Note that in my example I could get rid of the __new__ method and redefine __getitem__ as

def __getitem__(self, index):
    return MyClass(self.data[index])

but then this would cause a problem if I later want to inherit from MyClass, because if I make a call like child_instance[0:2] I will get back an instance of MyClass, not the child class.

Asked By: Abiel

||

Answers:

There are a couple of things that shouldn’t be done:

  • Call __init__ from __new__
  • Call __new__ directly in a method

As you have already seen, both the __new__ and the __init__ methods are automatically called when creating an object of a given class. Using them directly would break this functionality (calling __init__ inside another __init__ is allowed though, as it can be seen in the example below).

You can get the class of the object in any method getting the __class__ attribute as in the following example:

class MyClass(object):
    def __new__(cls, *args, **kwargs):
        # Customized __new__ implementation here
        return obj

    def __init__(self, data):
        super(MyClass, self).__init__(self)
        self.data = data

    def __getitem__(self, index):
        cls = self.__class__
        return cls(self.data[index])

    def __repr__(self):
        return repr(self.data)

x = MyClass(range(10))
x2 = x[0:2]
Answered By: jcollado

First, some basic facts about __new__ and __init__:

  • __new__ is a constructor.
  • __new__ typically returns an instance of cls, its first argument.
  • By __new__ returning an instance of cls, __new__ causes Python to call __init__.
  • __init__ is an initializer. It modifies the instance (self)
    returned by __new__. It does not need to return self.

When MyClass defines:

def __new__(cls, *args, **kwargs):
    obj = object.__new__(cls, *args, **kwargs)
    obj.__init__(*args, **kwargs)
    return obj

MyClass.__init__ gets called twice. Once from calling obj.__init__ explicitly, and a second time because __new__ returned obj, an instance of cls. (Since the first argument to object.__new__ is cls, the instance returned is an instance of MyClass so obj.__init__ calls MyClass.__init__, not object.__init__.)

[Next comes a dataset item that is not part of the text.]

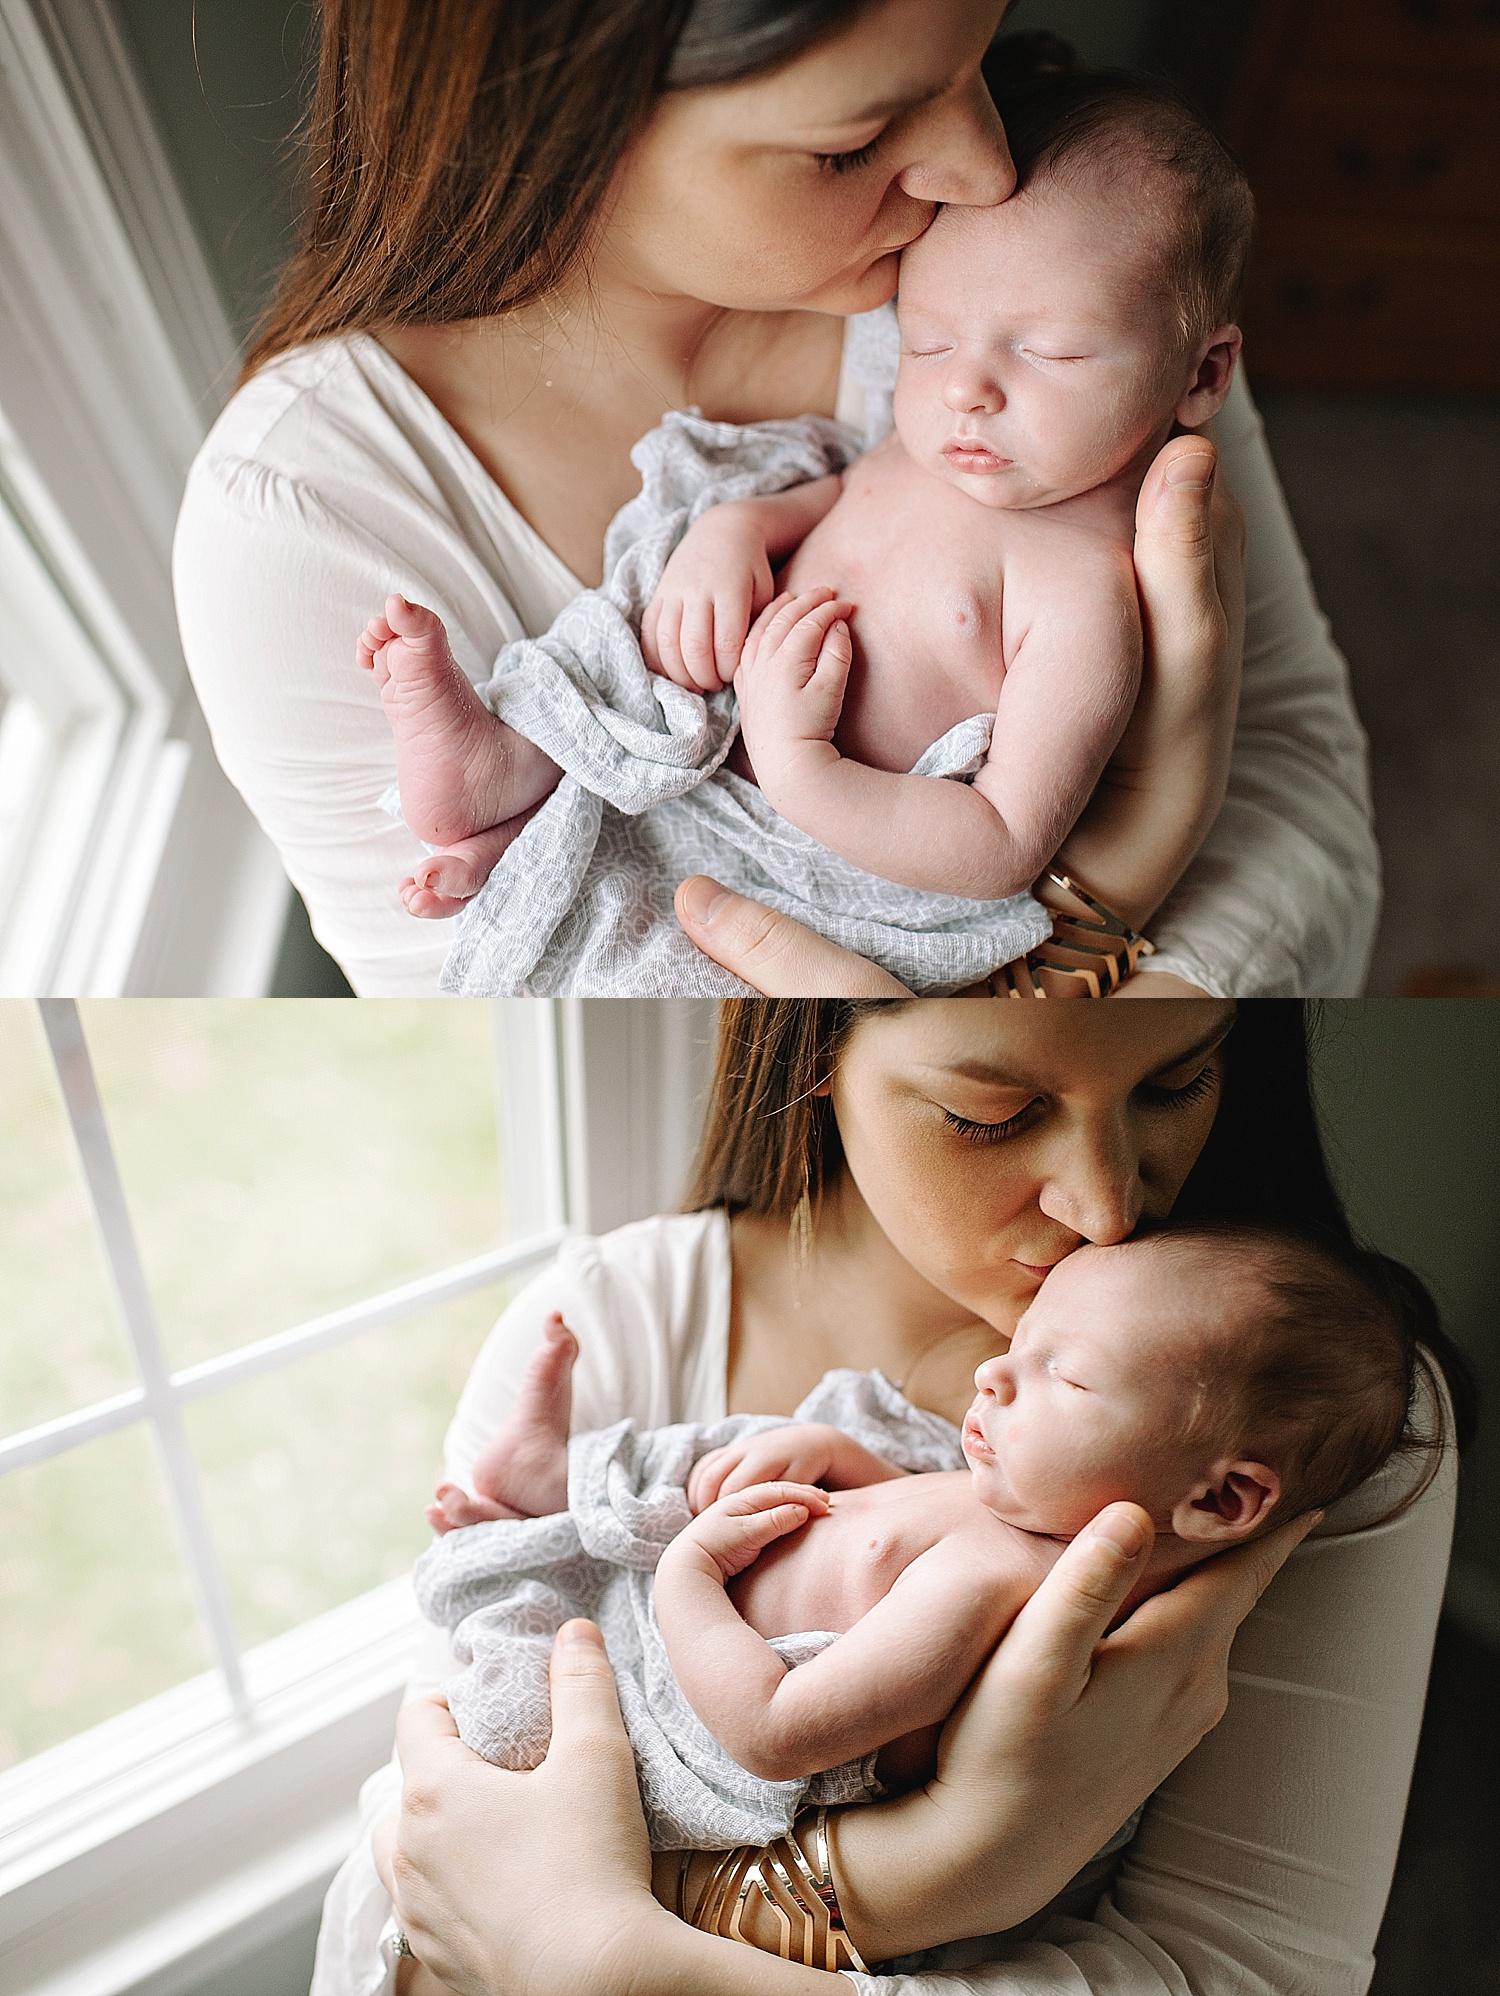 akron-ohio-newborn-family-photographer-baby-lauren-grayson-photography

The Python 2.2.3 release notes has an interesting comment, which sheds light on when to use __new__ and when to use __init__:

The __new__ method is called with the class as its first argument; its
responsibility is to return a new instance of that class.

Compare this to __init__:__init__ is called with an instance as its
first argument, and it doesn’t return anything; its responsibility is
to initialize the instance.

All this is done so that immutable types can preserve their
immutability while allowing subclassing.

The immutable types (int, long, float, complex, str, unicode, and
tuple) have a dummy __init__, while the mutable types (dict, list,
file, and also super, classmethod, staticmethod, and property) have a
dummy __new__.

So, use __new__ to define immutable types, and use __init__ to define mutable types. While it is possible to define both, you should not need to do so.

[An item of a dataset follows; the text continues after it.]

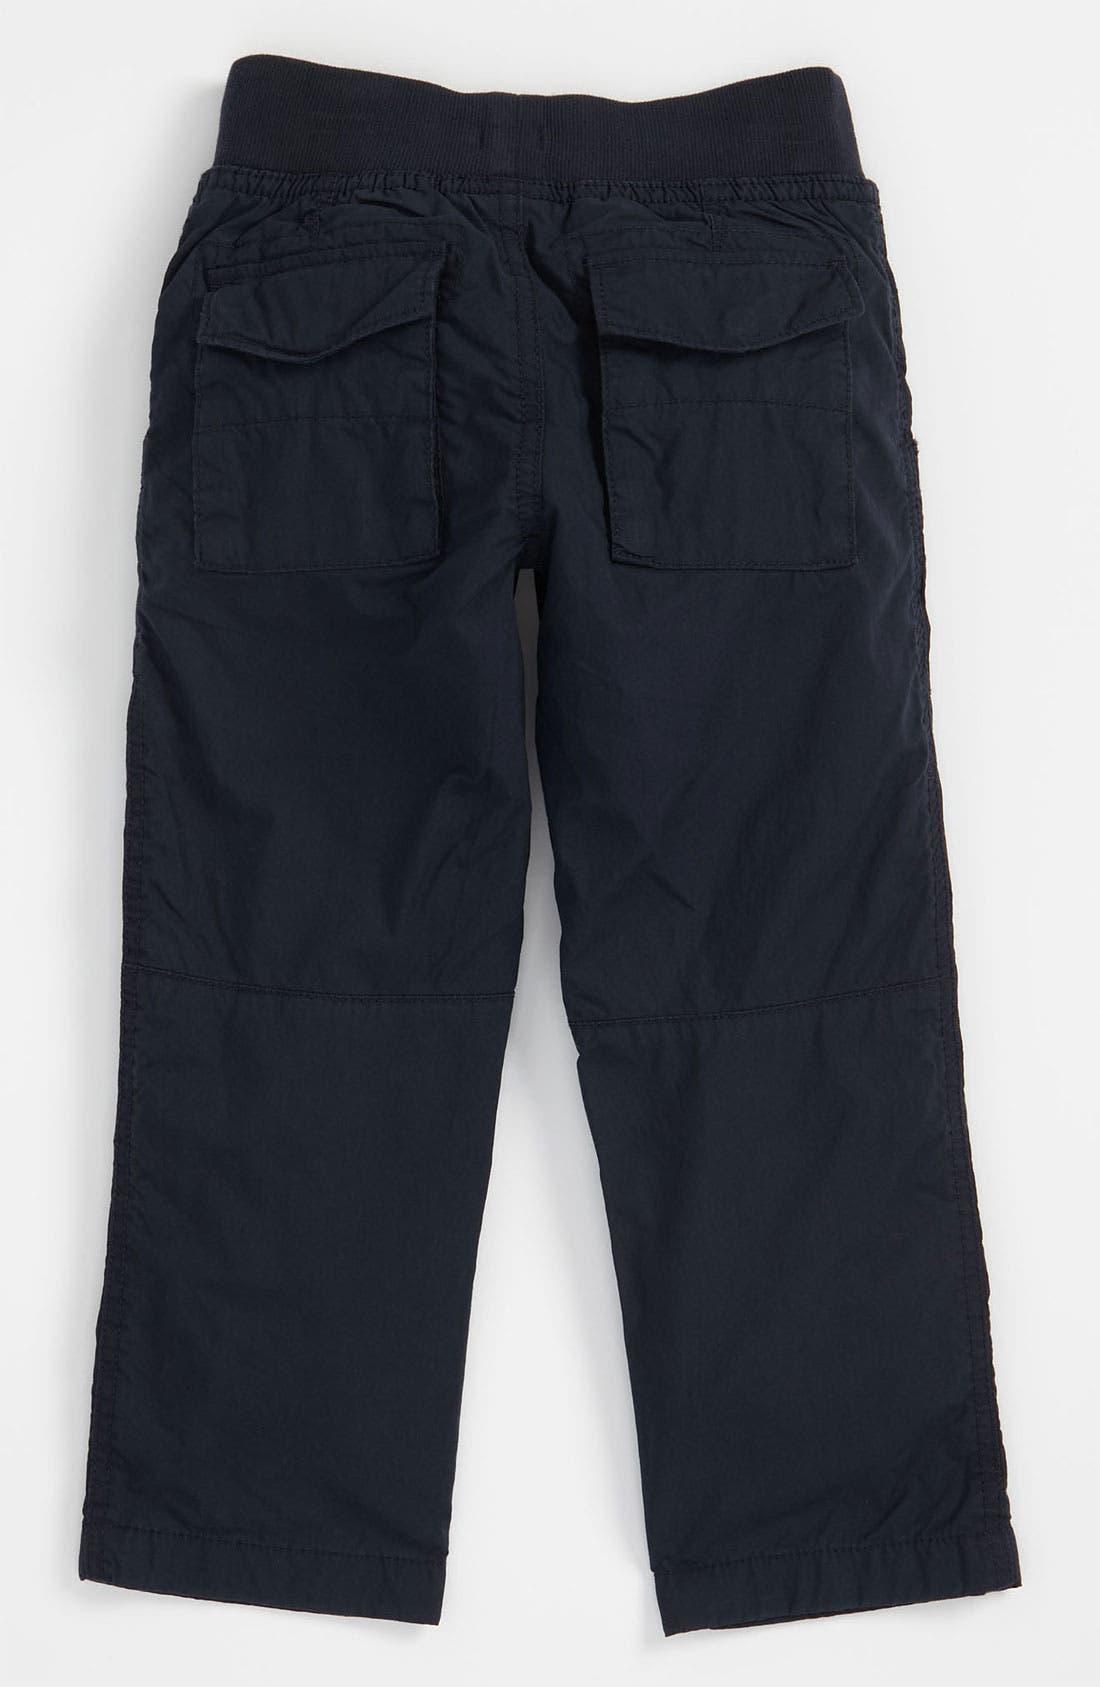 Alternate Image 2  - United Colors of Benetton Kids 'Sport' Pants (Toddler)

Thus, since MyClass is mutable, you should only define __init__:

class MyClass(object):
    def __init__(self, data):
        self.data = data

    def __getitem__(self, index):
        return type(self)(self.data[index])

    def __repr__(self):
        return repr(self.data)

x = MyClass(range(10))
x2 = x[0:2]
Answered By: unutbu

When you create an instance of a class with MyClass(args), the default instance creation sequence is as follows:

  1. new_instance = MyClass.__new__(args) is invoked to get a new "blank" instance
  2. new_instance.__init__(args) is invoked (new_instance is the instance returned from the call to __new__ as above) to initialise the attributes of the new instance [1]
  3. new_instance is returned as the result of MyClass(args)

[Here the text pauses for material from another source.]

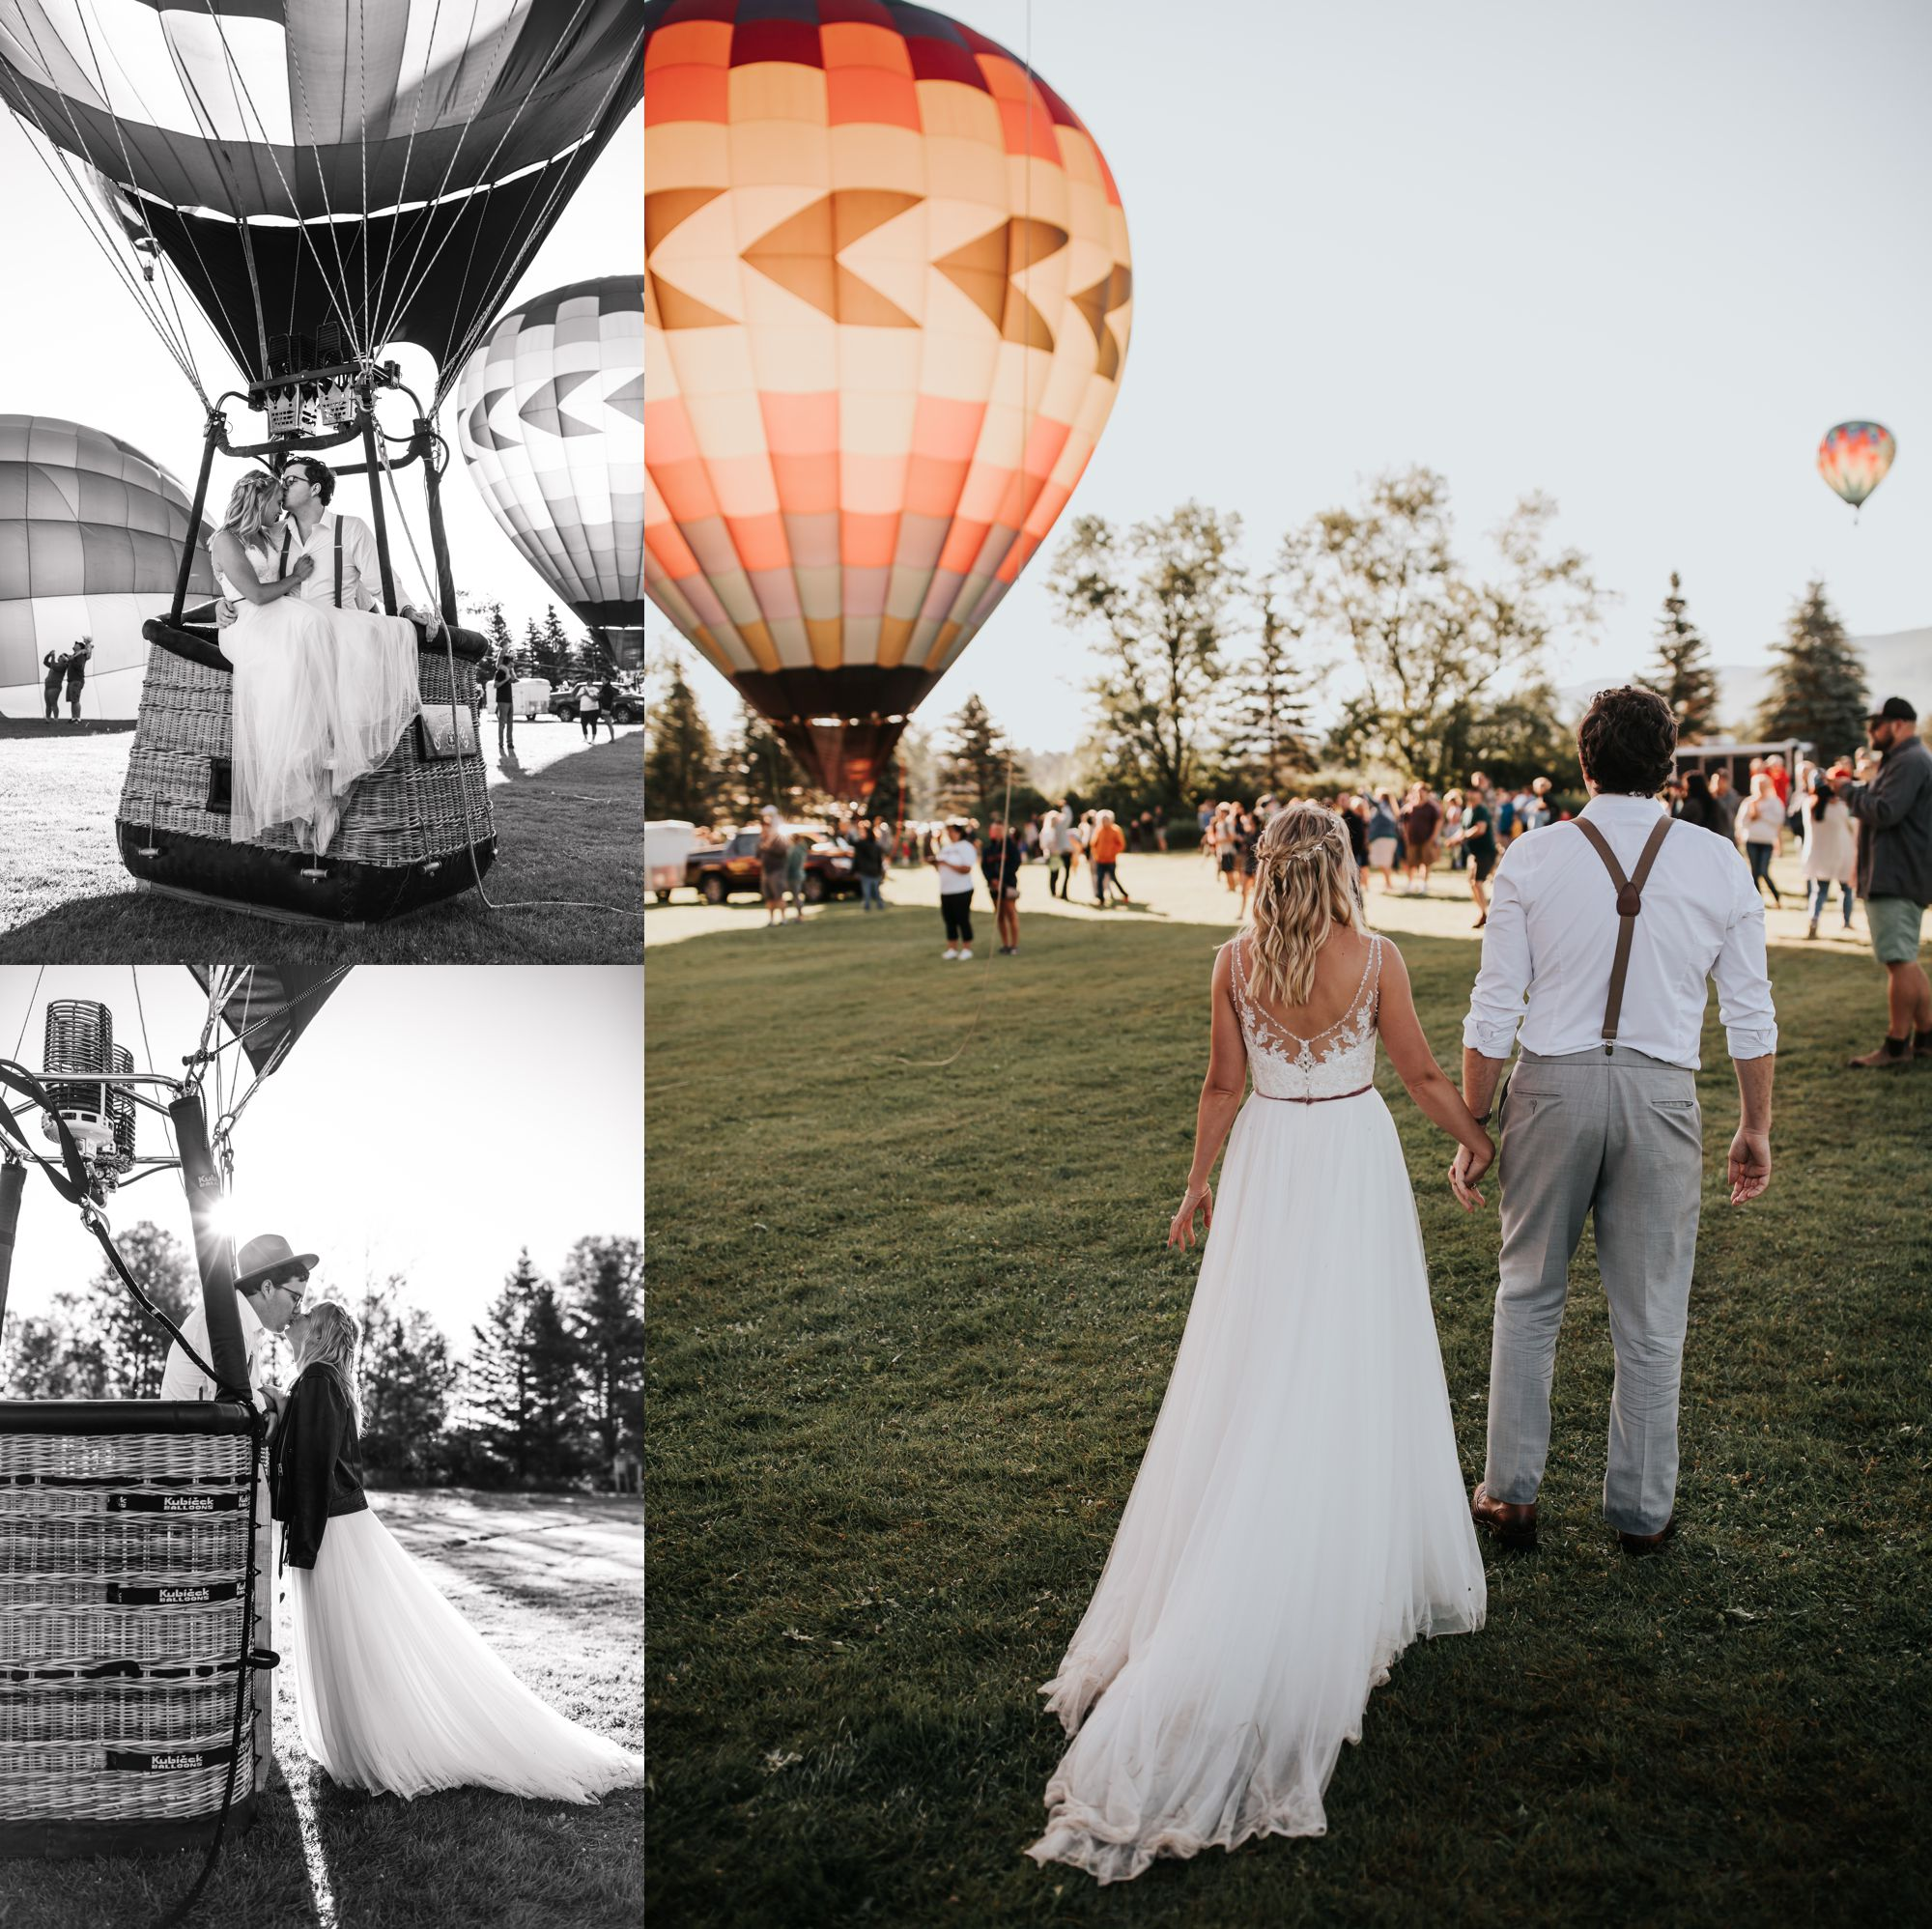 Stoweflake Balloon Bride and Groom

From this, it is clear to see that calling MyClass.__new__ yourself will not result in __init__ being called, so you’ll end up with an uninitialised instance. It’s equally clear that putting a call to __init__ into __new__ will also not be correct, as then MyClass(args) will call __init__ twice.

The source of your problem is this:

I’m trying to understand how new instances of a Python class should be
created when the creation process can either be via the constructor or
via the new method

The creation process should not normally be via the __new__ method at all. __new__ is a part of the normal instance creation protocol, so you shouldn’t expect it to invoke the whole protocol for you.

One (bad) solution would be to implement this protocol by hand yourself; instead of:

def __getitem__(self, index):
    return self.__new__(type(self), self.data[index])

you could have:

def __getitem__(self, index):
    new_item = self.__new__(type(self), self.data[index])
    new_item.__init__(self.data[index])
    return new_item

But really, what you want to do is not mess with __new__ at all. The default __new__ is fine for your case, and the default instance creation protocol is fine for you case, so you should neither implement __new__ nor call it directly.

What you want is to create a new instance of the class the normal way, by calling the class. If there’s no inheritance going on and you don’t think there ever will be, simply replace self.__new__(type(self), self.data[index]) with MyClass(self.data[index]).

If you think there might one day be subclasses of MyClass that would want to create instances of the subclass through slicing rather than MyClass, then you need to dynamically get the class of self and invoke that. You already know how to do this, because you used it in your program! type(self) will return the type (class) of self, which you then can invoke exactly as you would invoke it directly through MyClass: type(self)(self.data[index]).


As an aside, the point of __new__ is when you want to customise the process of getting a "new" blank instance of a class before it is initialised. Almost all of the time, this is completely unnecessary and the default __new__ is fine.

You only need __new__ in two circumstances:

  1. You’re have an unusual "allocation" scheme, where you might return an existing instance rather than create a genuinely new one (the only way to actually create a new instance is to delegate to the ultimate default implementation of __new__ anyway).
  2. You’re implementing a subclass of an immutable builtin type. Since the immutable builtin types can’t be modified after creation (because they’re immutable), they must be initialised as they’re created rather than afterwards in __init__.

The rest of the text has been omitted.